Precedence order between || and && - java

Question

As of my under standing && has a higher precedence than || given with the following code

    static boolean a;
    static boolean b;
    static boolean c;
    public static void main(String[] args) {
        boolean d = (a = true) || (b = true) && (c = true);
        System.out.println(a + " " + b + " " + c + " ");

    }

the output of this code is true false false, since there are parentheses I assume that the assignment of true to variables a,b and c will be first executed before the executing the expressions for && and || which is on my understanding is like (a = true) || ((b = true) && (c = true)) but based on the output it seems that after assigning true to variable a the left side of || has been executed already and thus not execute the rest of the code. Does it mean that || has overridden the && since the left side has been executed?

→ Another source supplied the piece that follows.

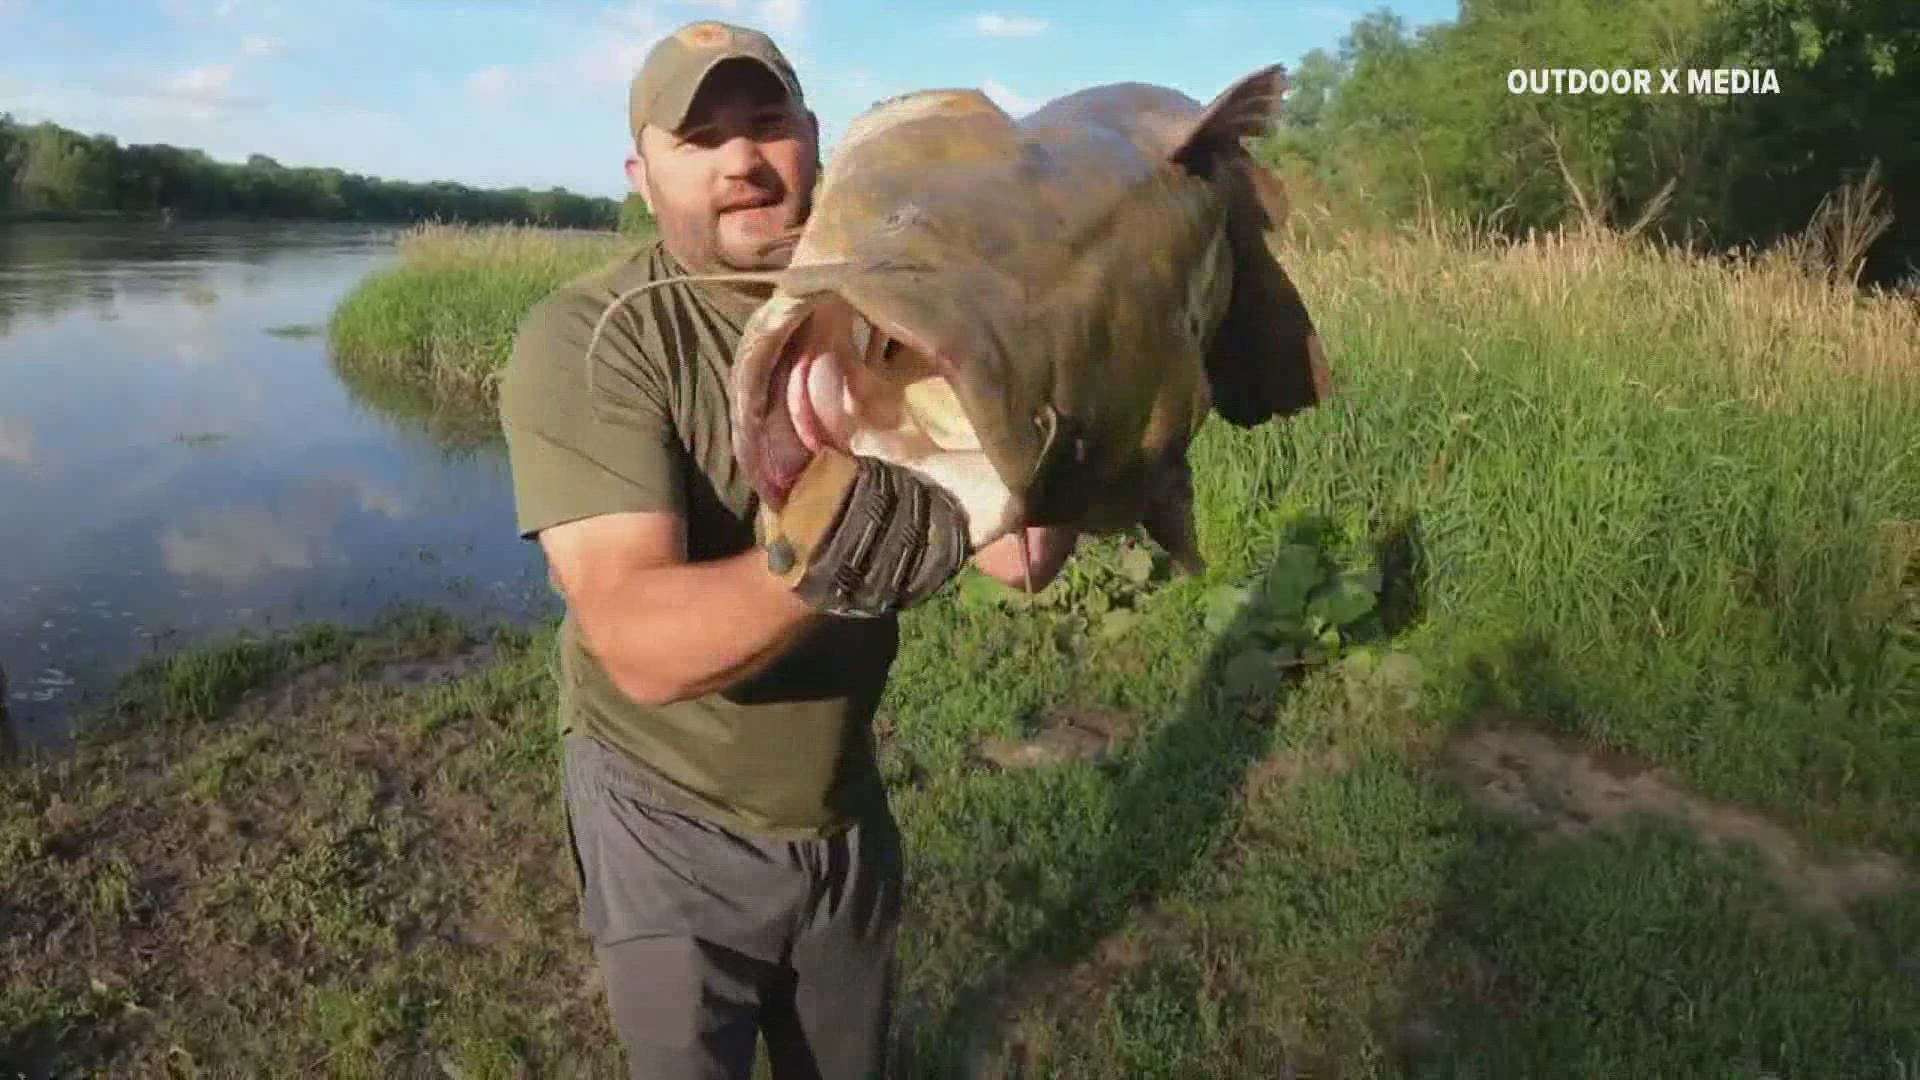 The flathead catfish reeled in Saturday was only 10 pounds short of Iowa's record.

possible duplicate of [Java logical operator short-circuiting](http://stackoverflow.com/questions/8759868/java-logical-operator-short-circuiting) — sstan, Jun 30 '15 at 15:19
That cannot be the output of your code because `a = true` is an assignment, not a comparison. — Luiggi Mendoza, Jun 30 '15 at 15:19
@SotiriosDelimanolis what do you mean execution over precedence? — anathema, Jun 30 '15 at 15:23
@LuiggiMendoza: ...and is why the other two assignments don't happen, hence the `false false` after the `true`. — T.J. Crowder, Jun 30 '15 at 15:23
@T.J.Crowder interesting, due to the short circuit evaluation. — Luiggi Mendoza, Jun 30 '15 at 15:26

score 11 · Accepted Answer · edited Jun 20 '20 at 09:12

11

Yes, && has higher precedence than ||. All that means is that your statement

boolean d = (a = true) || (b = true) && (c = true);

is equivalent to

boolean d = (a = true) || ((b = true) && (c = true));

it doesn't mean the right side of || will be evaluated first. Things are evaluated left to right. Since || short circuits and a = true evaluates to true, it doesn't need to evaluate the right hand side of ||.

The rest of the class variables are initialized to the default value of false (for boolean values).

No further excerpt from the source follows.